We don't speak to him anyways. He calls, we give the phone to my step-son. The initial point was, it's getting aggrivating having to explain everytime the phone isn't answered where we are. Had you that are jumping down my throat actually read my first post instead of saying "OOOOH, a post by Boomhauer - Let's tear him a new one!", you might have realized that.
 
I agree but to me schedualed calls just seem so cold. I think a dad should be able to call his son when he wants. I call my DH whenever the mood strikes. I may see or hear something that makes me think of him and it makes me want to call to let him know I'm thinking of him. He does the same with me (we are such saps, huh?) Its a nice feeling to get an unexpected phone call just to hear somebody say "I love you" and to a 6 year old little boy I bet it would mean the world to him!

:thumbsup2 so true
 
Umm I don't know you from Adam so your name meant nothing to me. I honestly don't ever remember reading a post by you in the past so you can forget that idea.

What I AM seeing is a group of adults who are putting themselves and their inconveninces over a six year old who asked for none of this.

So if the dad won't pay, YOU pay, it's $30 bucks. It's worth that much for the child to have a relationship with his dad.

Again as I said don't give the child the phone. Put it IN THE HOUSE in a general location, with your cell phone or your wifes. If your in public YOU or YOUR WIFE keep the cell phone with you and give it to the child when it rings. Since he's 6 I'm assuming you or your wife is with him all the time.

Seems like it's a pretty low price to pay for an answer to your problems.

Oh and again I don't know you from Adam. I don't know your posts and I'm posting my opinion on your OP which pushed a button for me. Their are to many adults out there who put themselves before their children.
 
Doesn't sound like you even asked the EX if he would go for the cell phone idea. Sounds like it's time you stop letting your feelings about the EX impacting his relationship with your step-son. Sadly it seems that's your goal, for him to leave you ALL alone.
 
You wanna get int this? Let's do it:

1. Have the dad and mom pay 1/2 for the cell phone. My teenage son's phone is only $29 per month so it isn't a big amount. $15 per person.

He'll never agree to it. He pays child support and doesn't think he should pay for anything else.

2. If your afraid of him losing it then leave it in a place in the house where it can be heard and if you go out one of you take it and give it to him when it rings.

As soon as it does get lost (none of you have ever misplaced your cellphone) or broken, uit'll have to be replaced. He won't pay for one to begin with, and he sure as hell won't pay for a replacement.

3. Then you nor your DW even have to speak to the x but his son gets to speak to him whenever he wants.

We don't speak to him anyways.
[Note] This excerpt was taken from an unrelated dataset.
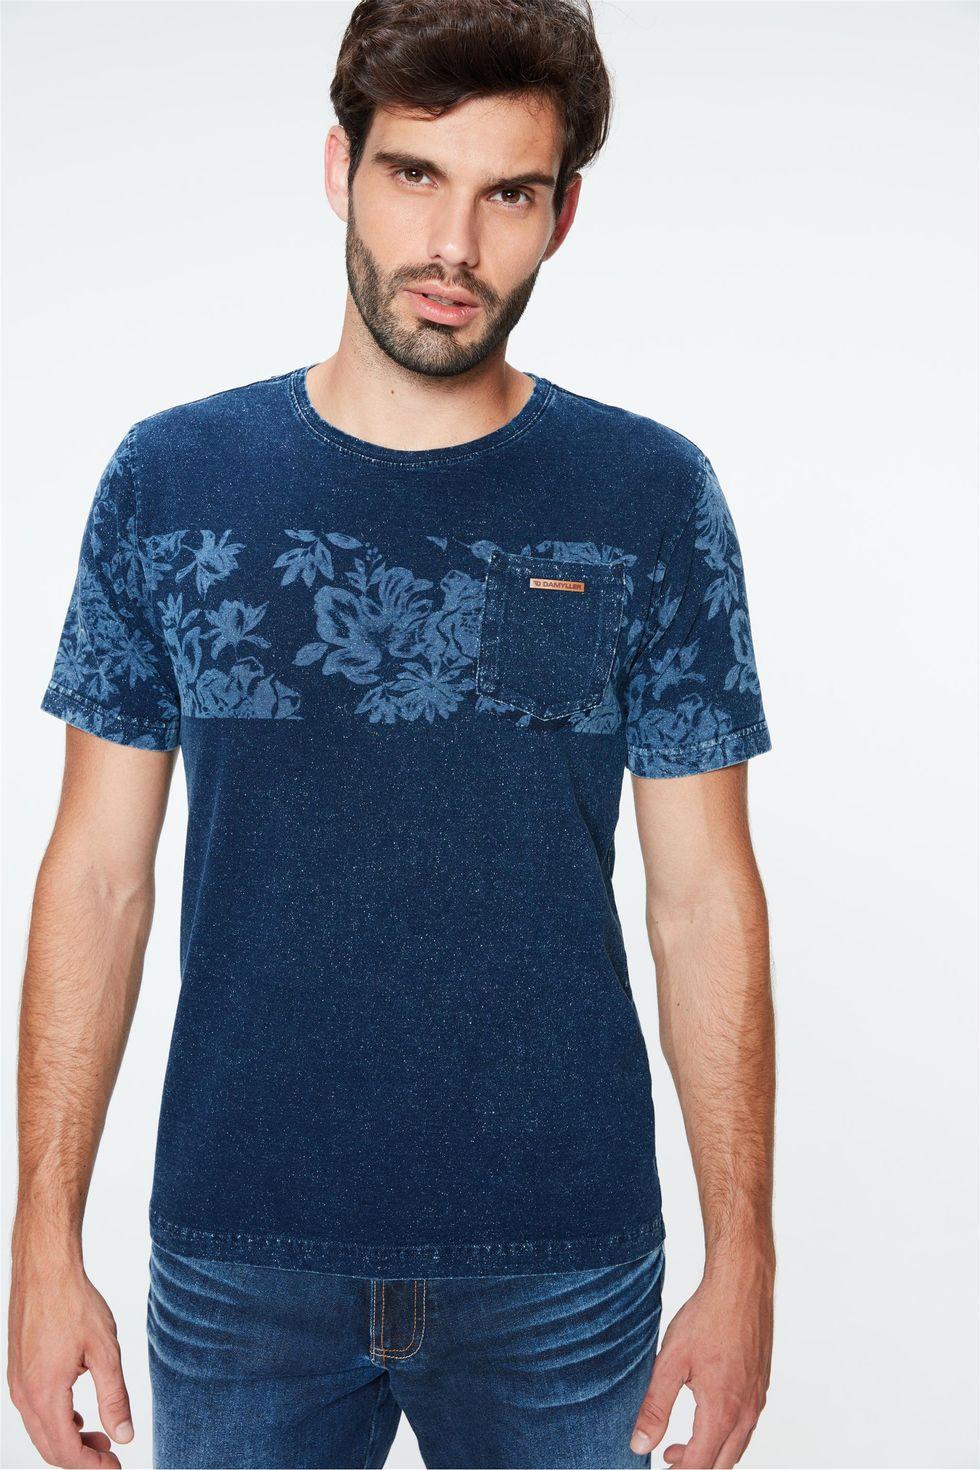 Camiseta-de-Malha-Denim-com-Estampa-Frente--

He calls, we give the phone to my step-son. The initial point was, it's getting aggrivating having to explain everytime the phone isn't answered where we are. Had you that are jumping down my throat actually read my first post instead of saying "OOOOH, a post by Boomhauer - Let's tear him a new one!", you might have realized that.
1) You have a teenage son?:confused3 Why does he not get to go to WDW too?:confused3

2&3) Read the Mulan thread. She was required by the courts to get her 3 & 5 year old kids a cell phone. When they go to the dad the cell phone does too.
 
BTW: You could have the EX buy a pay-as-you-go cell phone, have him add minutes, and then give it to his son. If the Dad eats up the minutes, then it's on him to buy more. It the son loses it, then it's his to replace.
 
Doesn't sound like you even asked the EX if he would go for the cell phone idea. Sounds like it's time you stop letting your feelings about the EX impacting his relationship with your step-son. Sadly it seems that's your goal, for him to leave you ALL alone.

Whatever you say man. Whatever you say.